According to the official climate change report by the Okinawa Regional Headquarters, JMA [72], the average temperature on Miyako Island will probably increase by 3.3 °C at the end of the 21st century, and the frequency of extremely dry months will increase under the RCP 8.5 scenario. The temperature increase is expected to increase crop evapotranspiration [73,74] and irrigation water demand and cause a reduction in groundwater recharge and storage.
One of the limitations of our study is the unchanged Kc value in the future climate. Without changing the Kc value, irrigation demand basically reflects the change of climate on ET0. However, in the real case of climate change, the Kc value could slightly change with changed phenology, especially the shortening of the seedling stage, which means an even higher crop water demand or stronger groundwater shortage in the future. However, to overcome such a limitation, we must seek the support of crop models with more experimental data, which are not available right now on the remote island.
A comparison of the estimated value for 1980–2021 in Figure 10 and Figure 11 suggests that MRI-CGCM3 RCP 2.6 is the most acceptable model for estimating groundwater storage under the baseline period. For instance, the average groundwater storage is 724.9 mm, closest to the historical value in Figure 10 (787.5 mm).

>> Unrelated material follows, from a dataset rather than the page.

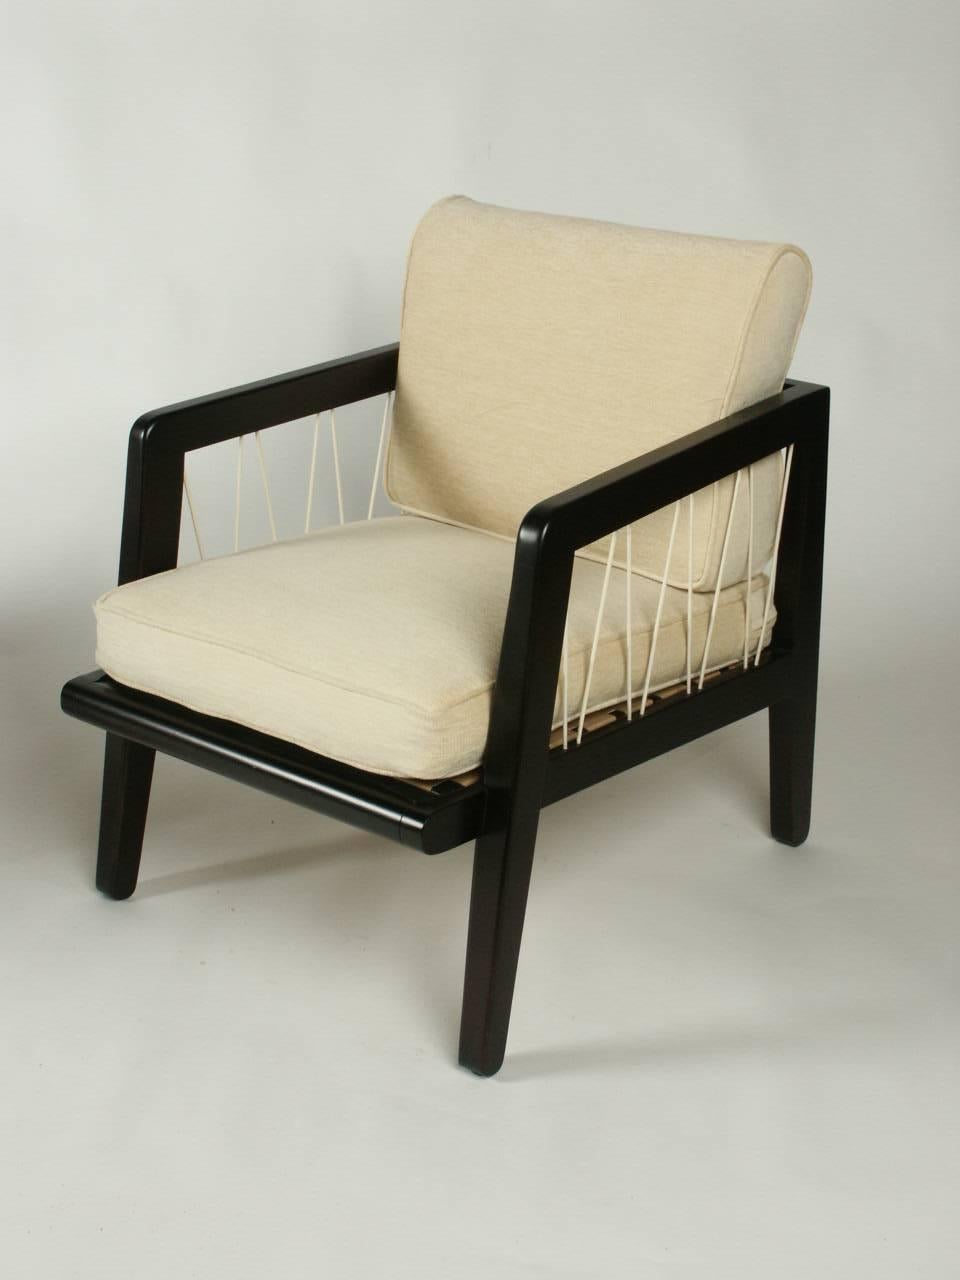 Pair of Edward Wormley Precedent collection for Drexel lounge chairs, circa 1947, dark espresso stain on silver elm with woven nylon cording that zig zags between frame arm and seat. COM as this set shown is sold. This line was designed while

There is absolutely no water for irrigation for a period of 5 months, which is close to the historical value in Figure 10. In this model, there is a risk of groundwater dry-up for 57 months in 2022–2100, nearly 10 times higher than the historical risk. However, it is also noticeable that most of the groundwater depletion in the prediction actually occurs in a continuously dry period in 2030–2050. This could be caused by high uncertainty in the original GCMs data. Furthermore, in other GCMs models, there are also one or several drought periods in the prediction, suggesting there could be more frequent occurrences of extreme dry and wet cycles in the future [75].
Therefore, it is important to improve irrigation water management in the artificial aquifer. At the same time, as the risk of groundwater depletion both in terms of frequencies and duration under future climate will highly likely increase, new subsurface aquifer construction is needed. The study also provided valuable suggestions for water management on similar islands globally.

5. Conclusions

In this paper, on a remote island, far away from the main continent of Japan with limited experimental results on the evaluation of crop water requirements, MODIS ET together with Kc coefficient from the nearest island were compared to testify the reliability of the Kc value. Then, the testified Kc coefficient for sugarcane was used to assess the risk of irrigation water shortage using historical metrological data and to predict the future risk of irrigation agriculture under different scenarios of GCM models. The methodology developed in the study can be potentially used to evaluate long-term irrigation demand over the dry periods for engineering design or dam construction in data lacking regions globally.
Our study confirmed the important role that the artificially built aquifer played in meeting the agricultural water supply in Sunagawa Catchment and its neighbor catchments. In the 192 months from 2006 to 2021, irrigation was required in 62 months or some 3.9 months per year. Historical assessment analysis for a 71-year period from 1951 to 2021 suggested a stronger risk of groundwater dry-up, and absolutely no water for irrigation in 9 months or nearly once every 18 years. The risk of groundwater depletion both in terms of frequency and duration under future climate will highly likely increase.
The study also proved the value of ET derived from remote sensing in areas lacking the support of experimental results. It is even worthwhile to try to develop a Kc coefficient from remote sensing ET for crop irrigation assessment. However, it should be kept in mind that the percentage of high water consumptive crops in the relevant pixels should be considered to eliminate the effects of low ET components, for instance, from roads and residential areas.

Author Contributions

Conceptualization, Z.Y. and C.T.; Data curation, Z.Y.; Formal analysis, Z.Y.; Investigation, Z.Y., C.T., S.S., M.O., K.F. and G.W.; Methodology, Z.Y.; Supervision, C.T.; Writing—original draft, Z.Y.; Writing—review and editing, C.T. and H.B. All authors have read and agreed to the published version of the manuscript.

Funding

This research was funded by Research Program on Development of Innovative Technology grants from the Project of the Bio-Oriented Technology Research Advancement Institution (BRAIN) (No. 02012B).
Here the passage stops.